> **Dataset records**
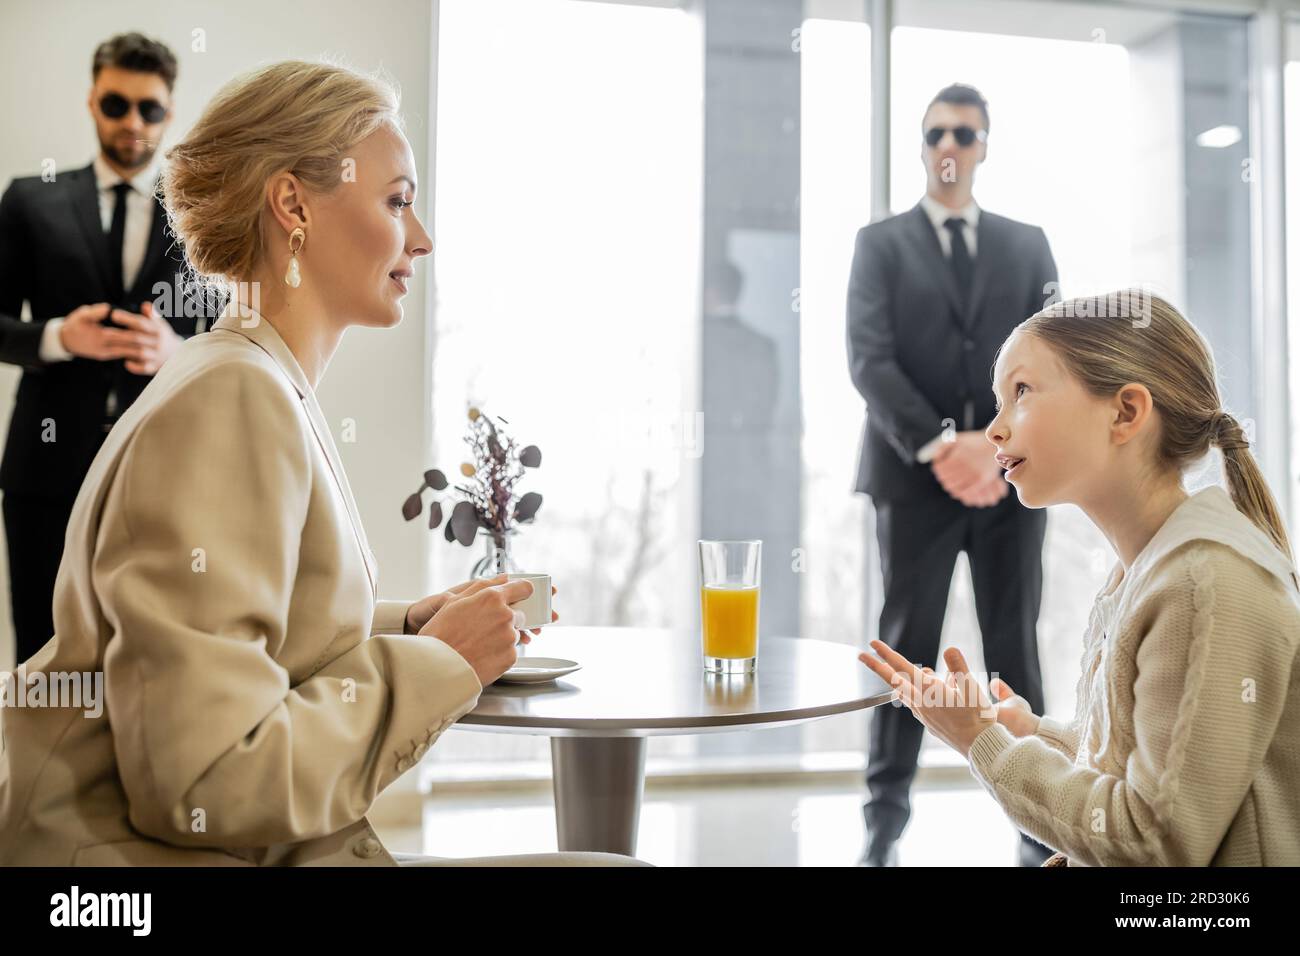 security service, private safety concept, preteen girl talking with blonde mother over drinks in cafe, bodyguards standing on blurred background, pers Stock Photo
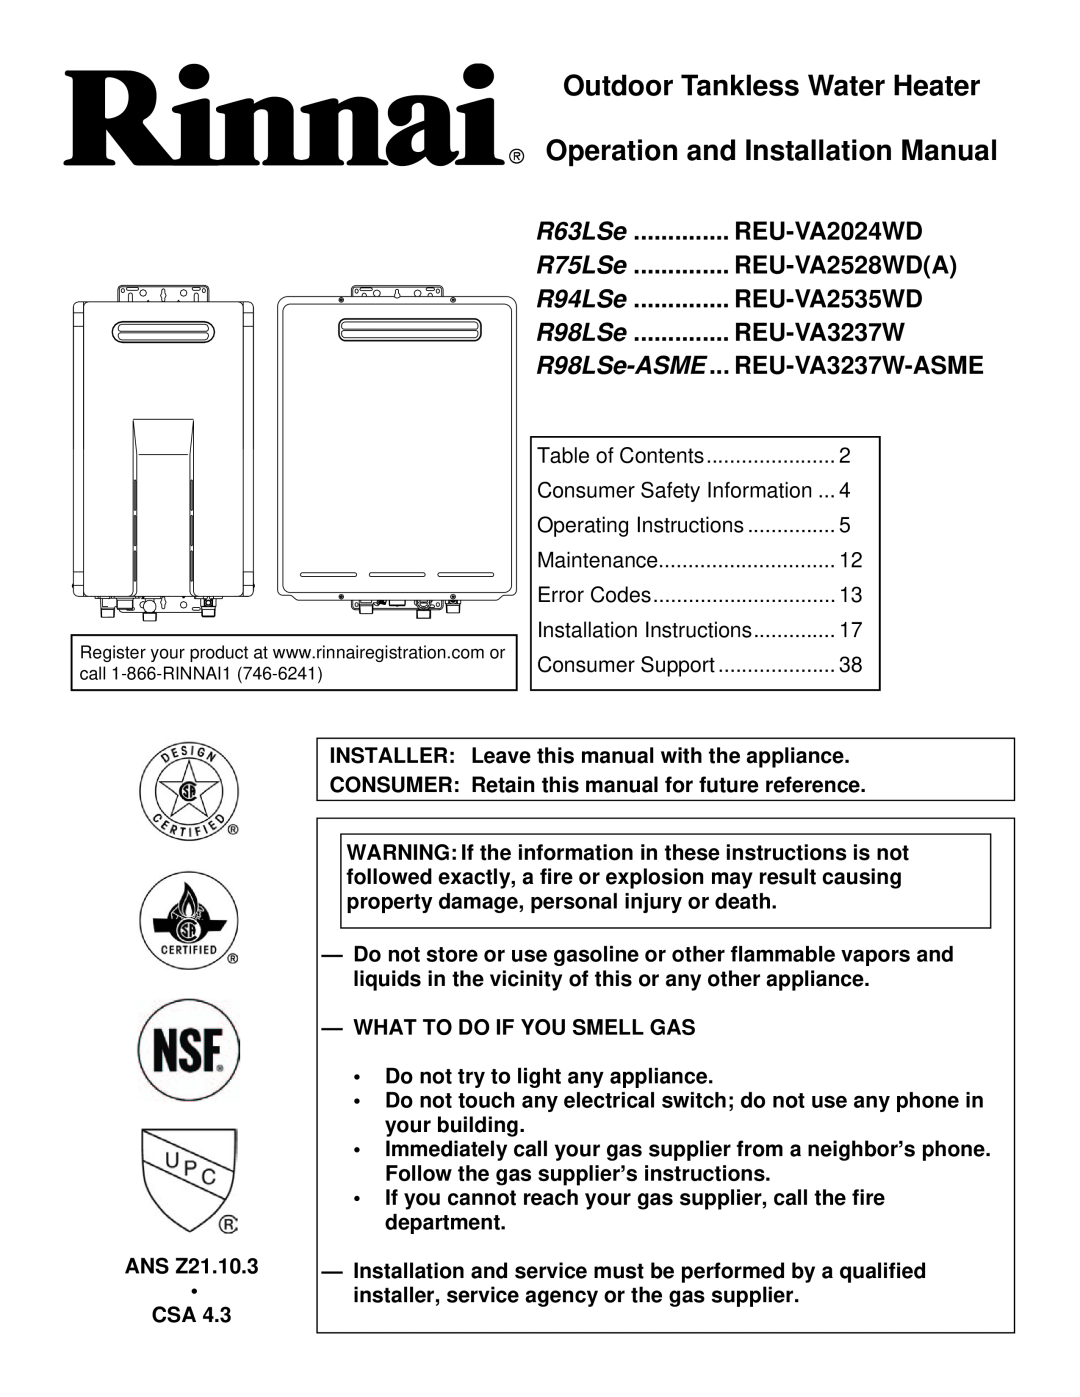 Rinnai R98LSE-ASME installation manual Outdoor Tankless Water Heater, Operation and Installation Manual, R63LSe, R75LSe 
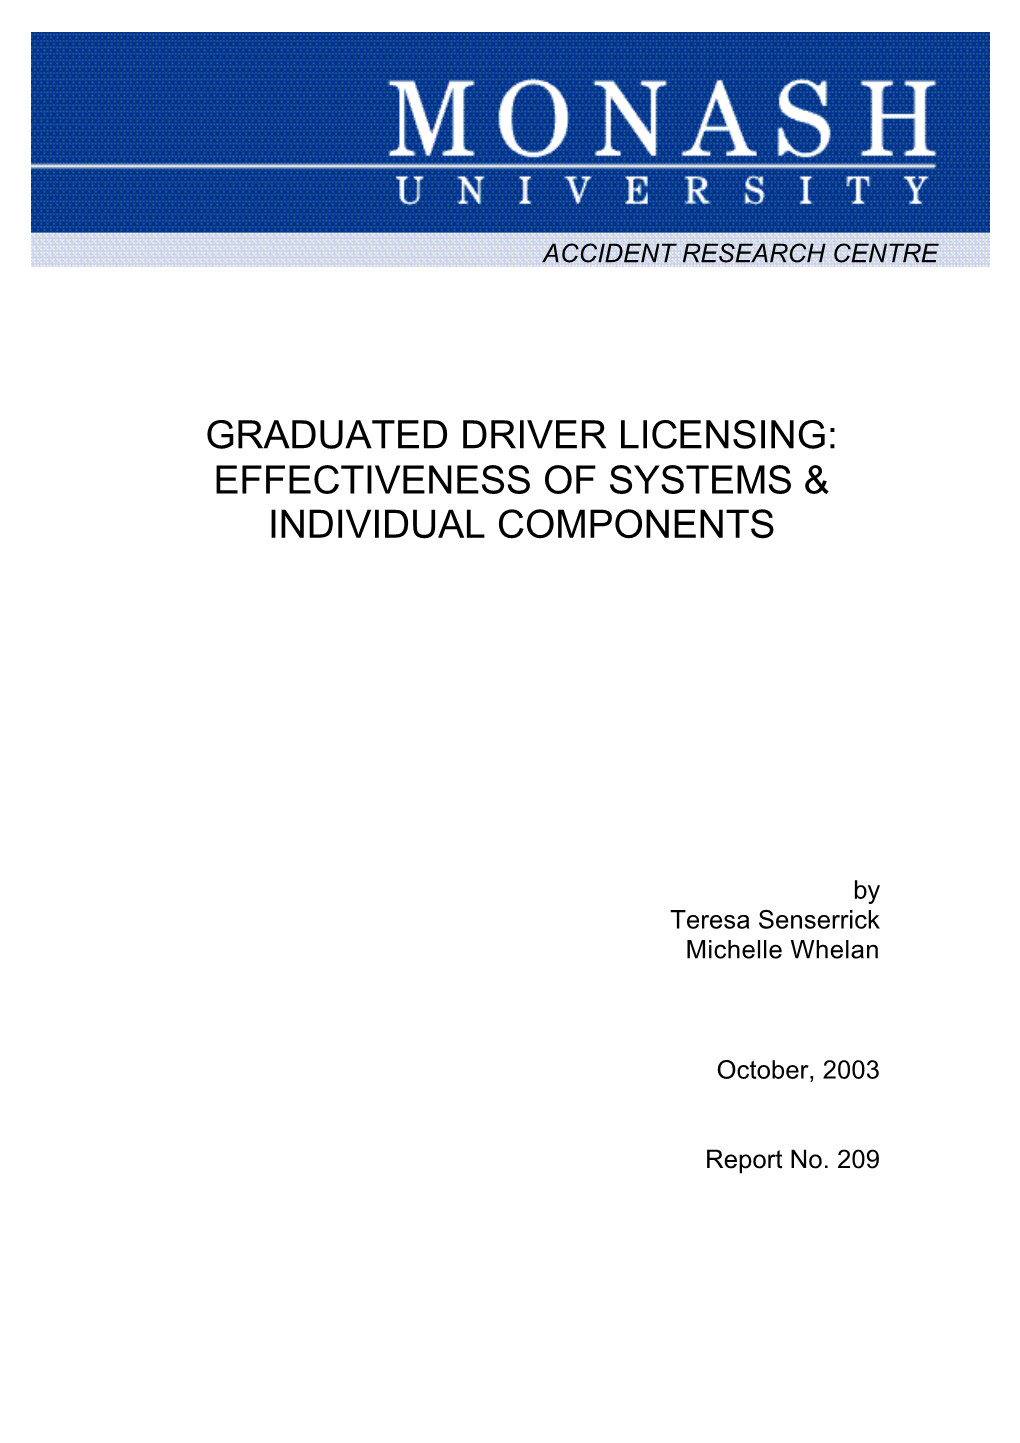 Graduated Driver Licensing: Effectiveness of Systems & Individual Components
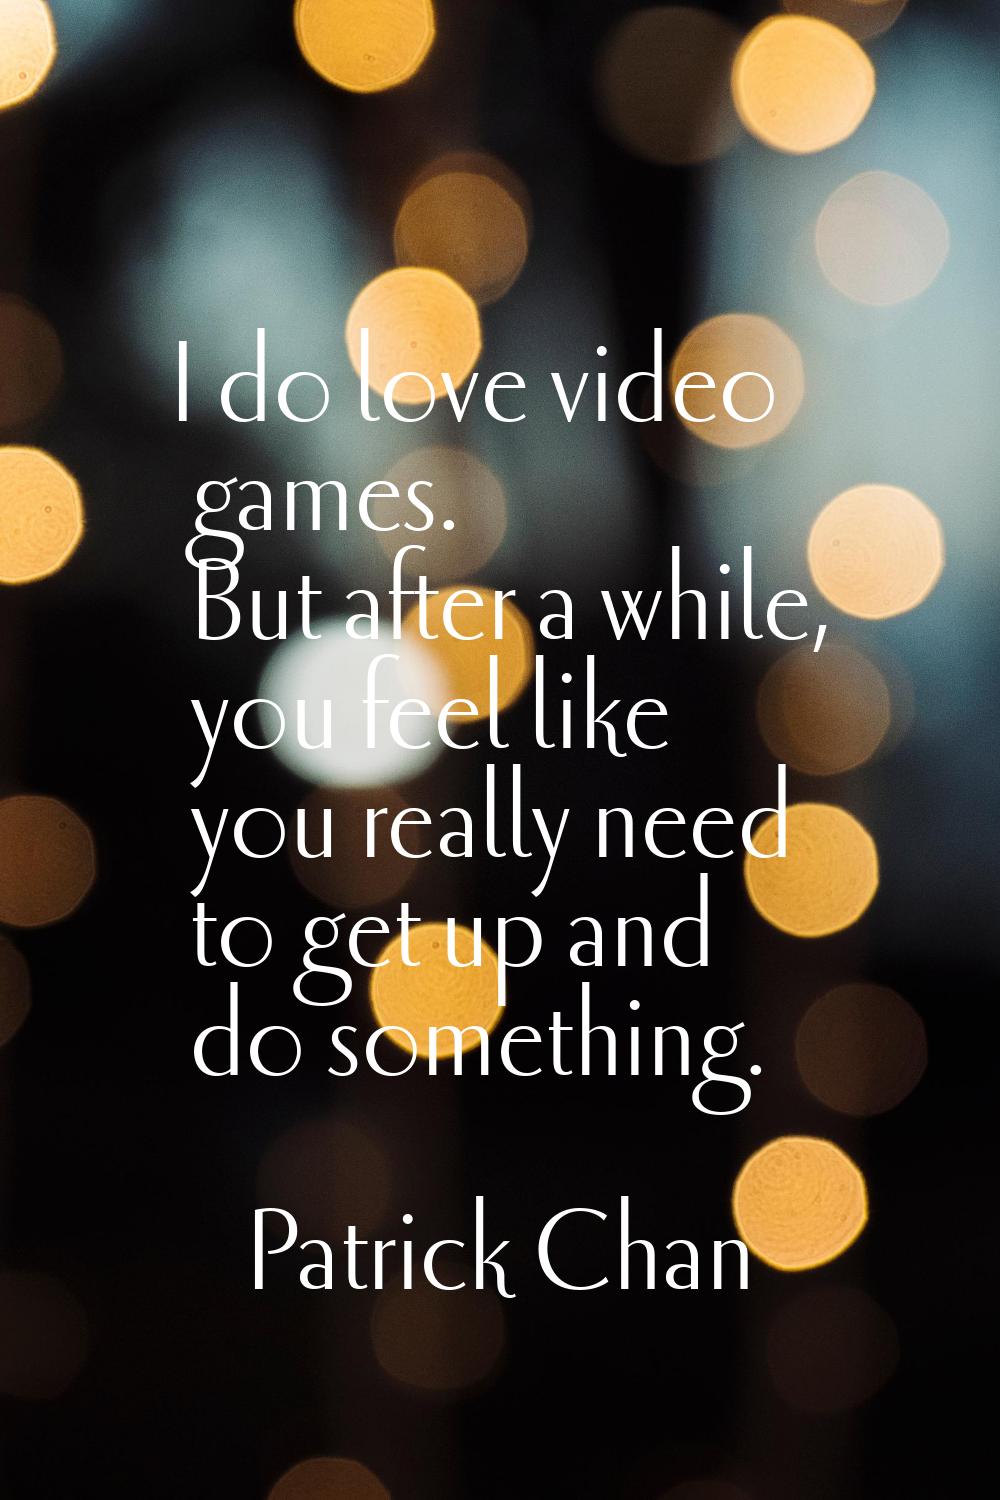 I do love video games. But after a while, you feel like you really need to get up and do something.
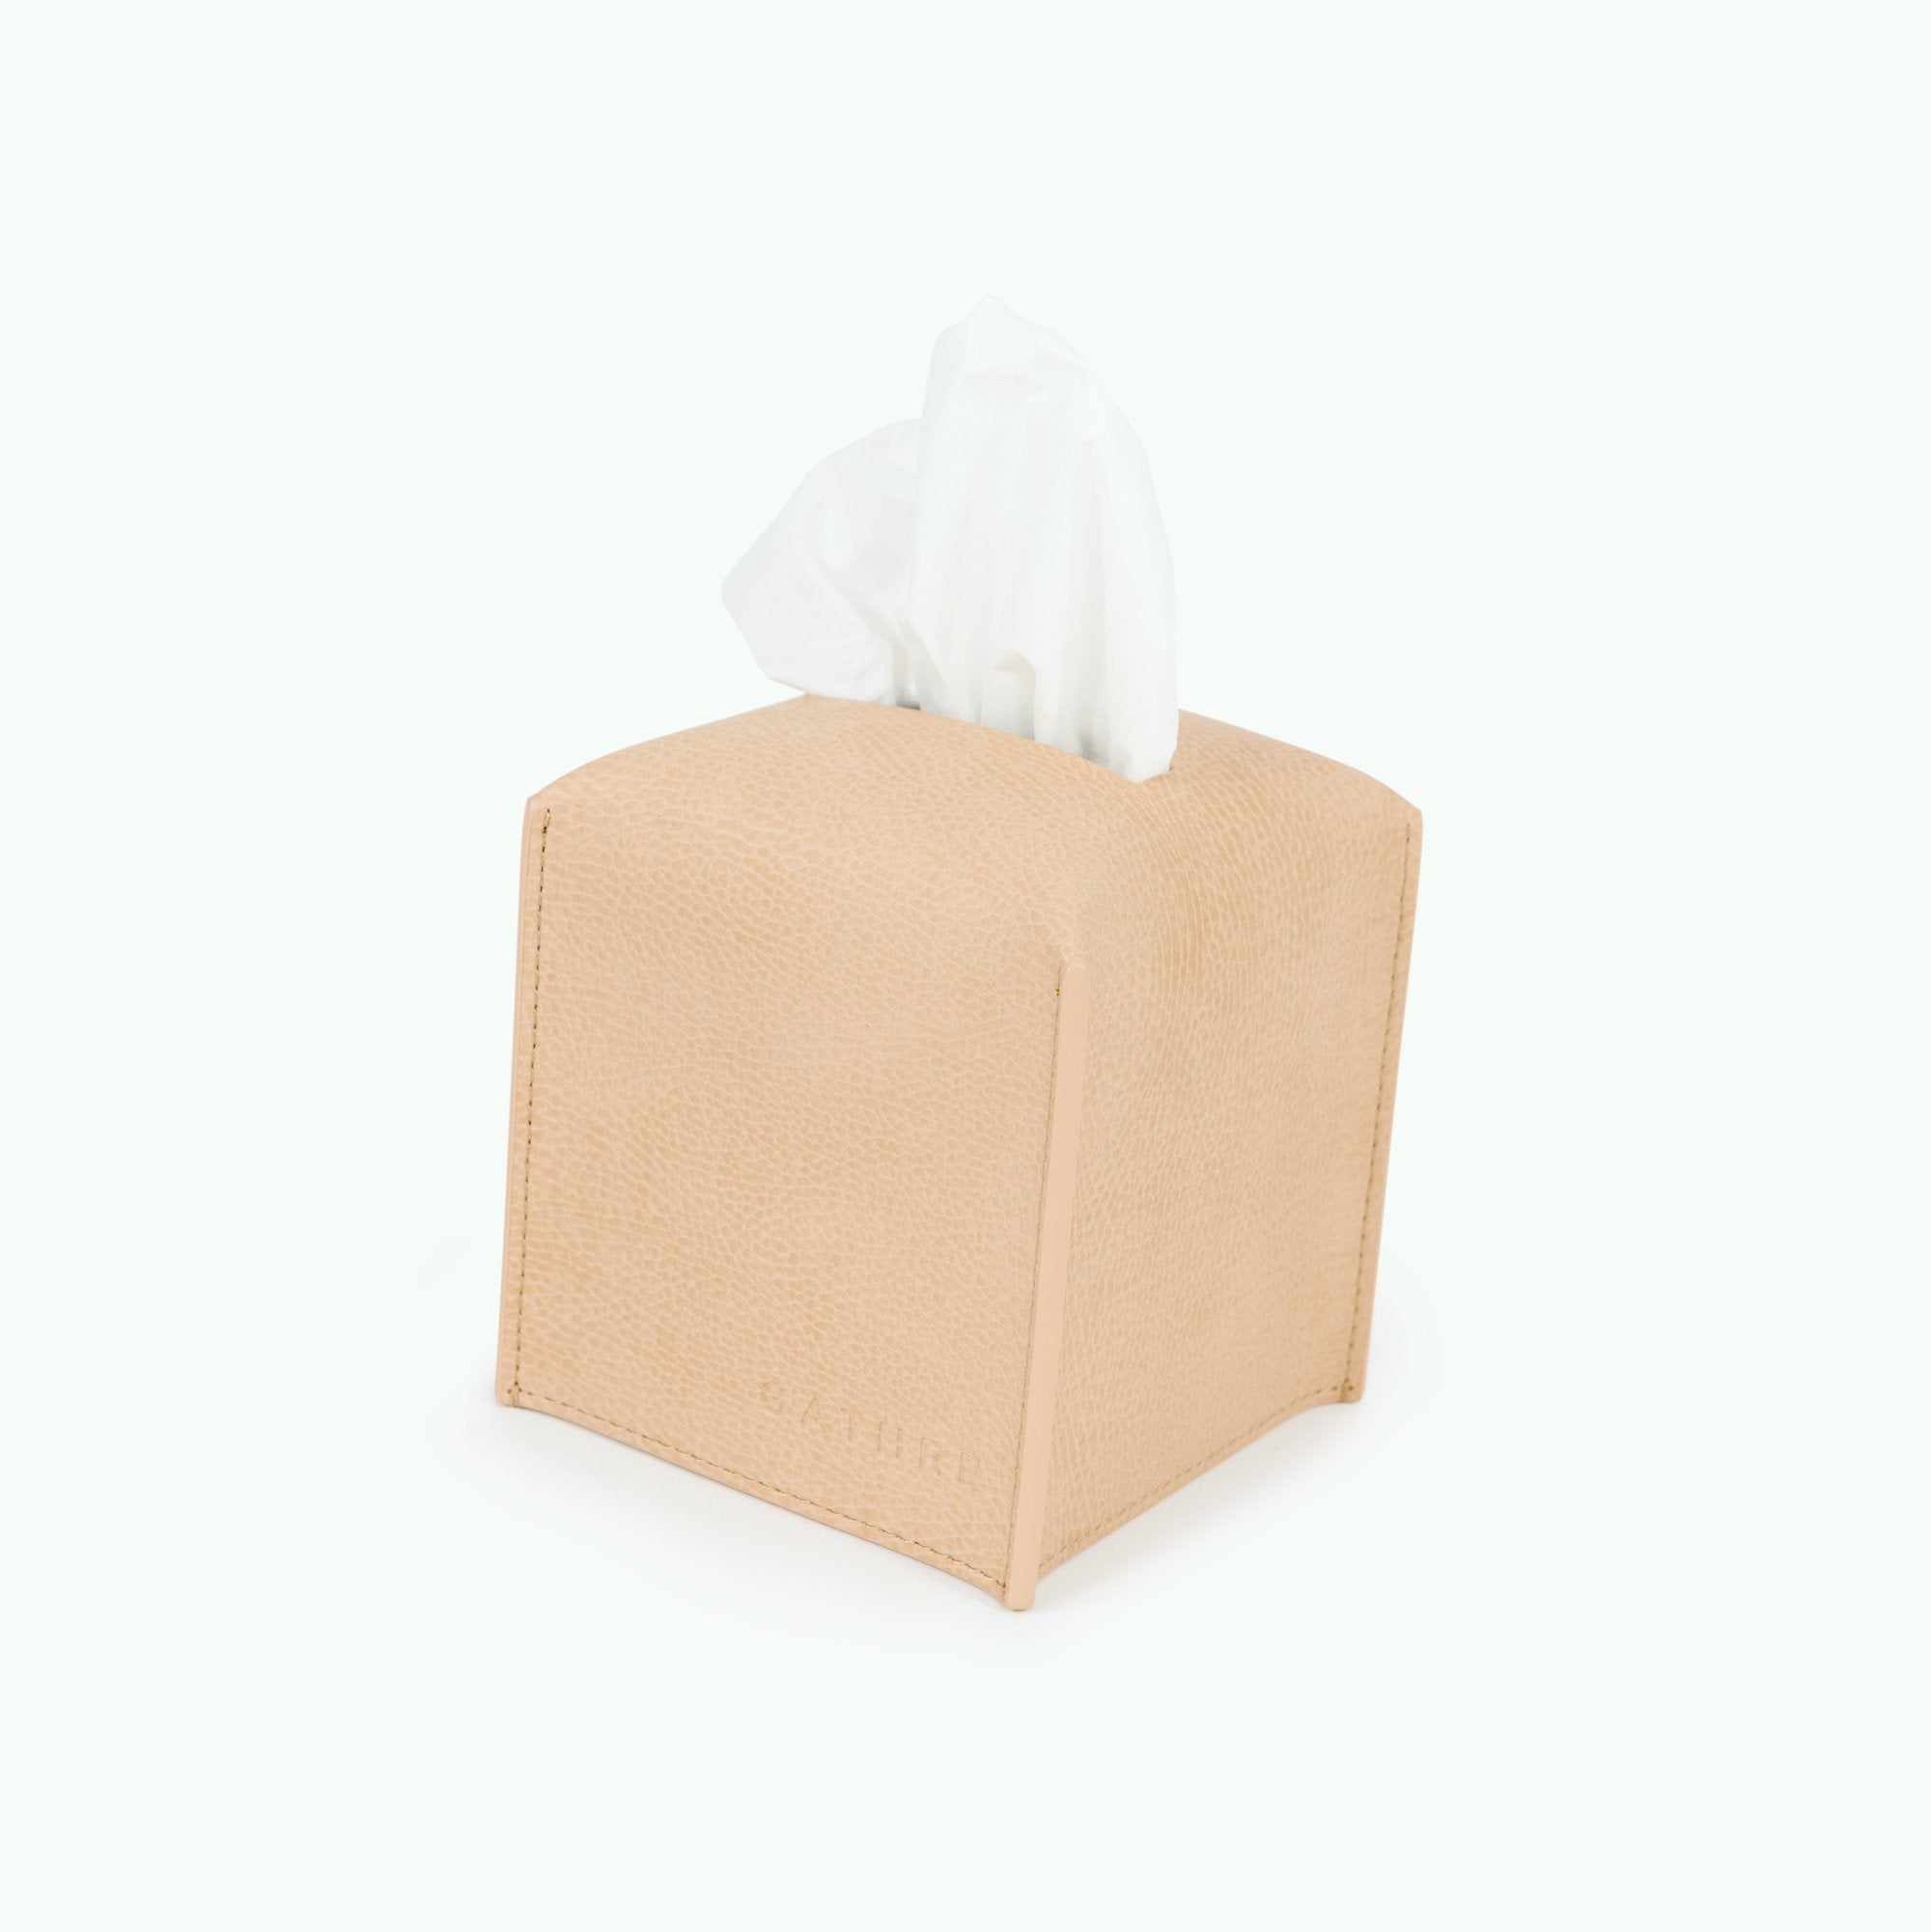 Untanned (on sale)@untanned tissue cover

> **REQUIRED WORK**
A verbatim copy is needed of the lines running from the line with "I do love video" to the end of the data above, both included. Keep the pictures out of it.

> **WRITTEN ANSWER**
 I do love video games. But after a while, you feel like you really need to get up and do something.
 Untanned (on sale)@untanned tissue cover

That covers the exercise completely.